→ Problem requirements
Repeat the full listing below verbatim and keep the images out.

→ Dataset section
=== Begin Enclosure ===

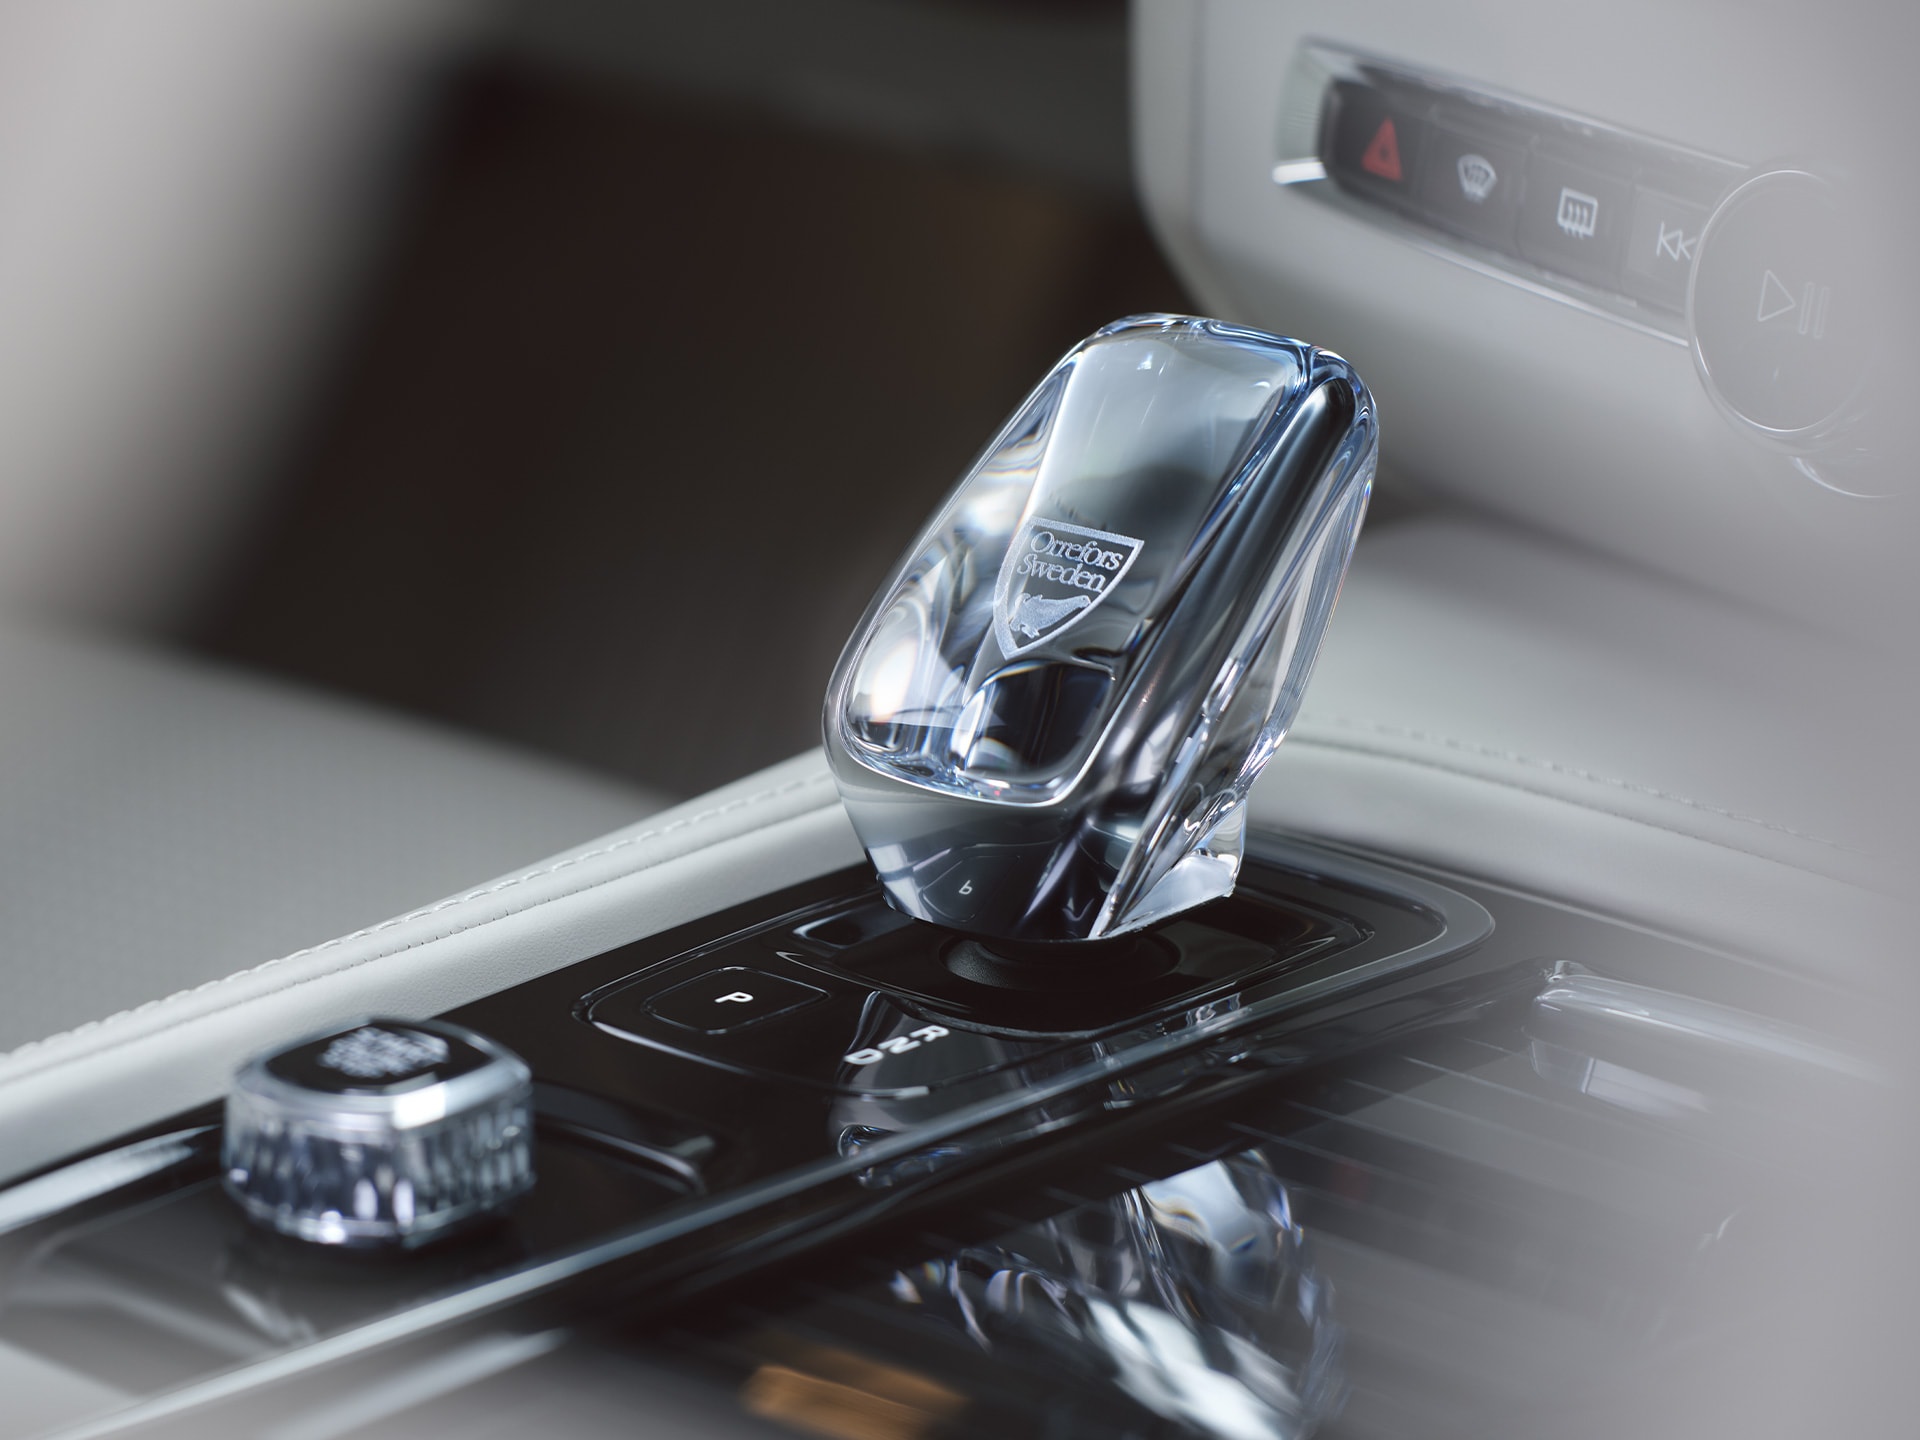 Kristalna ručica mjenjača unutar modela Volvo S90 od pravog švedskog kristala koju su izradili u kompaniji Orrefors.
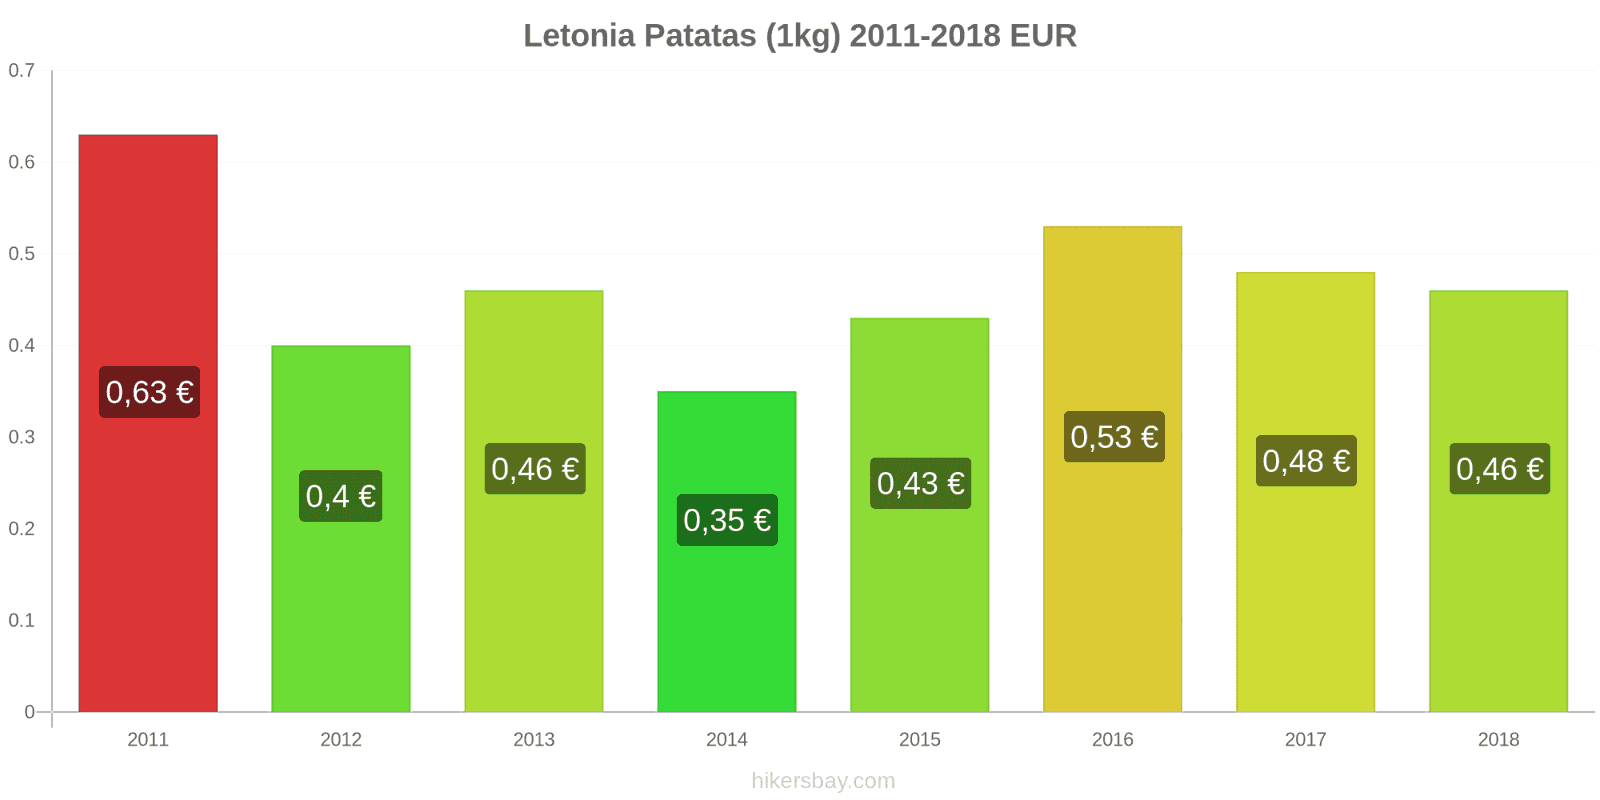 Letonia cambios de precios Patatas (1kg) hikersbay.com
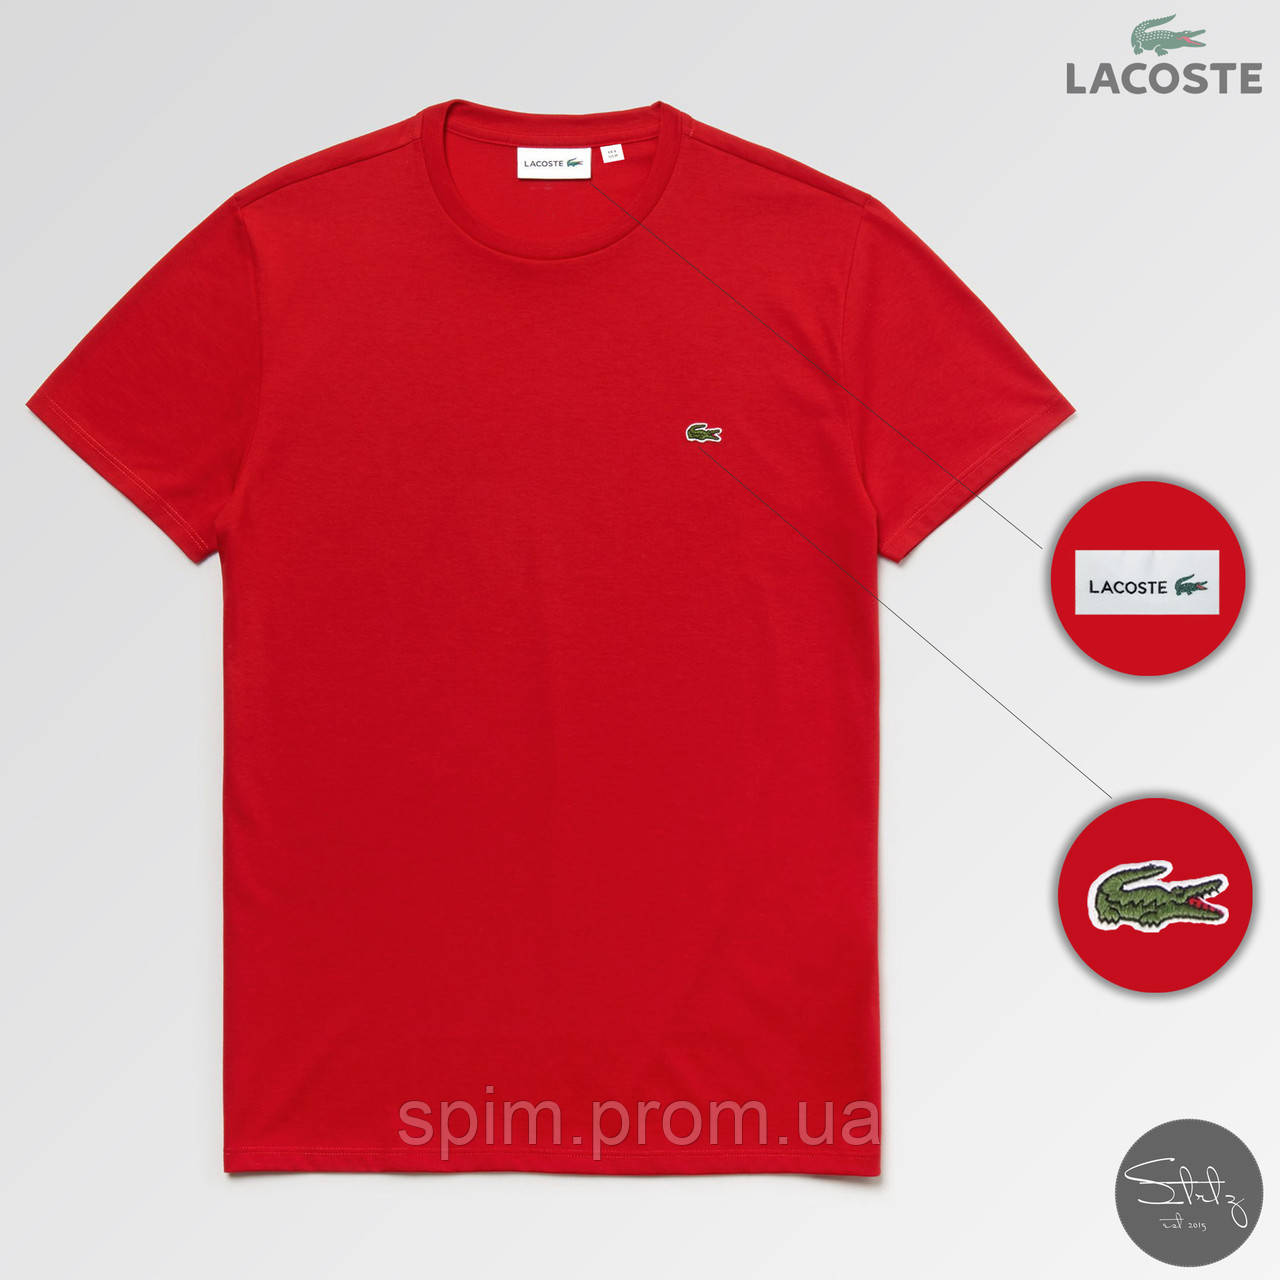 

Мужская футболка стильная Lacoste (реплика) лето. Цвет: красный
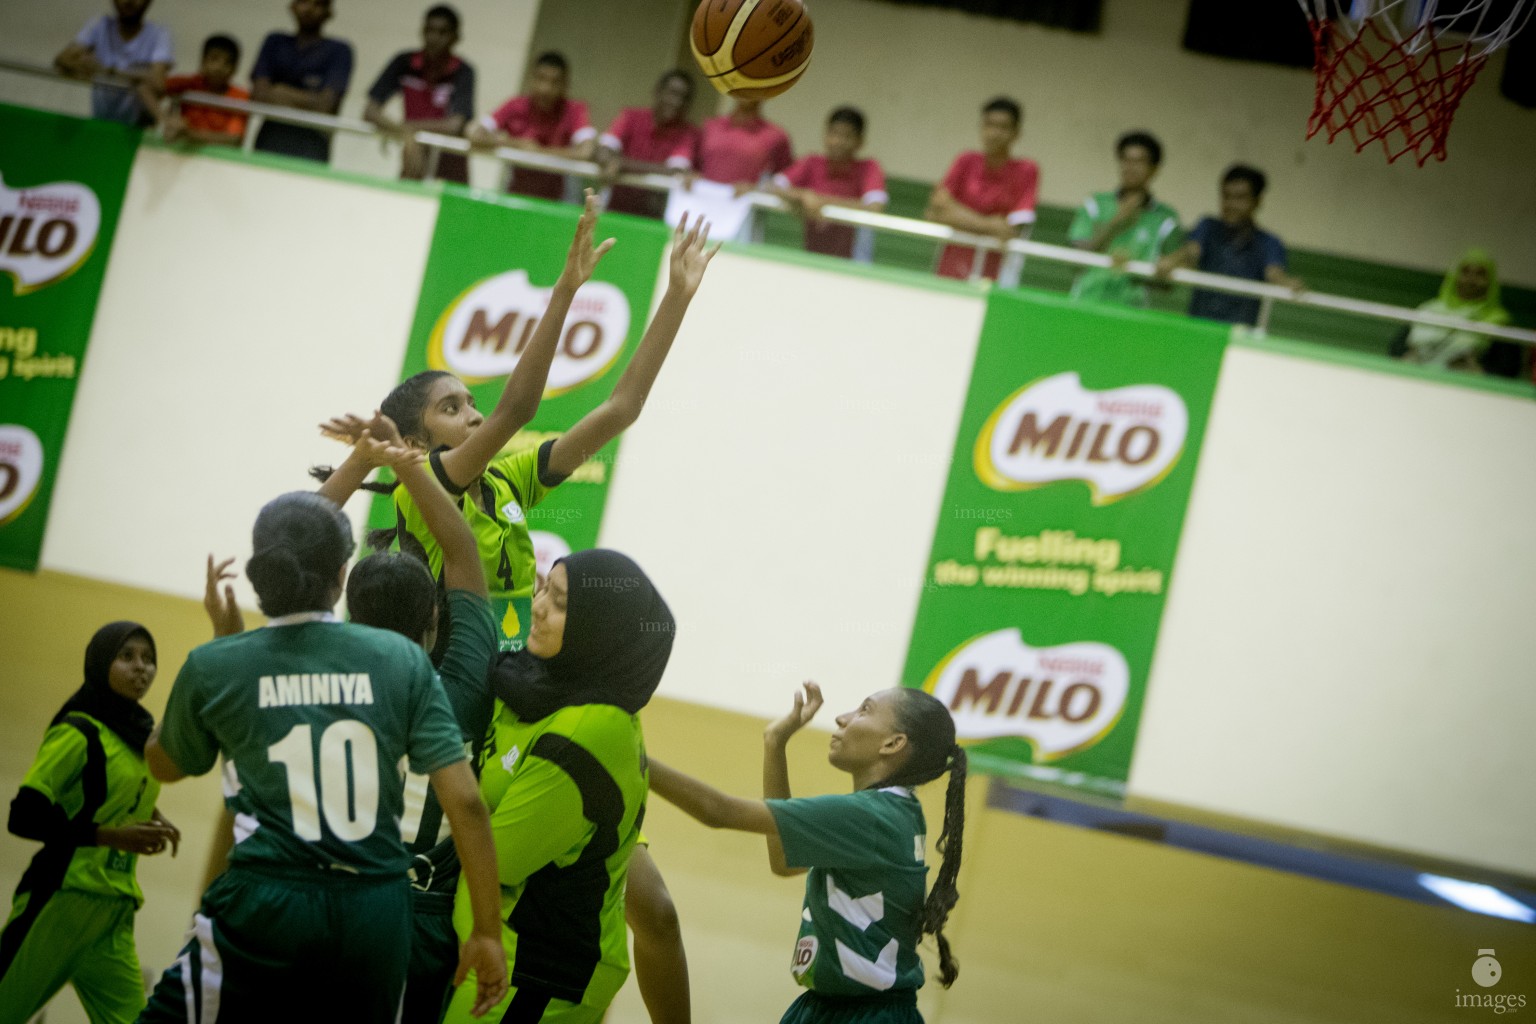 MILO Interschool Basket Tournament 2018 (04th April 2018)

=== End Enclosure ===

→ Answer
 Kristalna ručica mjenjača unutar modela Volvo S90 od pravog švedskog kristala koju su izradili u kompaniji Orrefors.
 Letonia cambios de precios Patatas (1kg) hikersbay.com

Мужская футболка стильная Lacoste (реплика) лето. Цвет: красный
 MILO Interschool Basket Tournament 2018 (04th April 2018)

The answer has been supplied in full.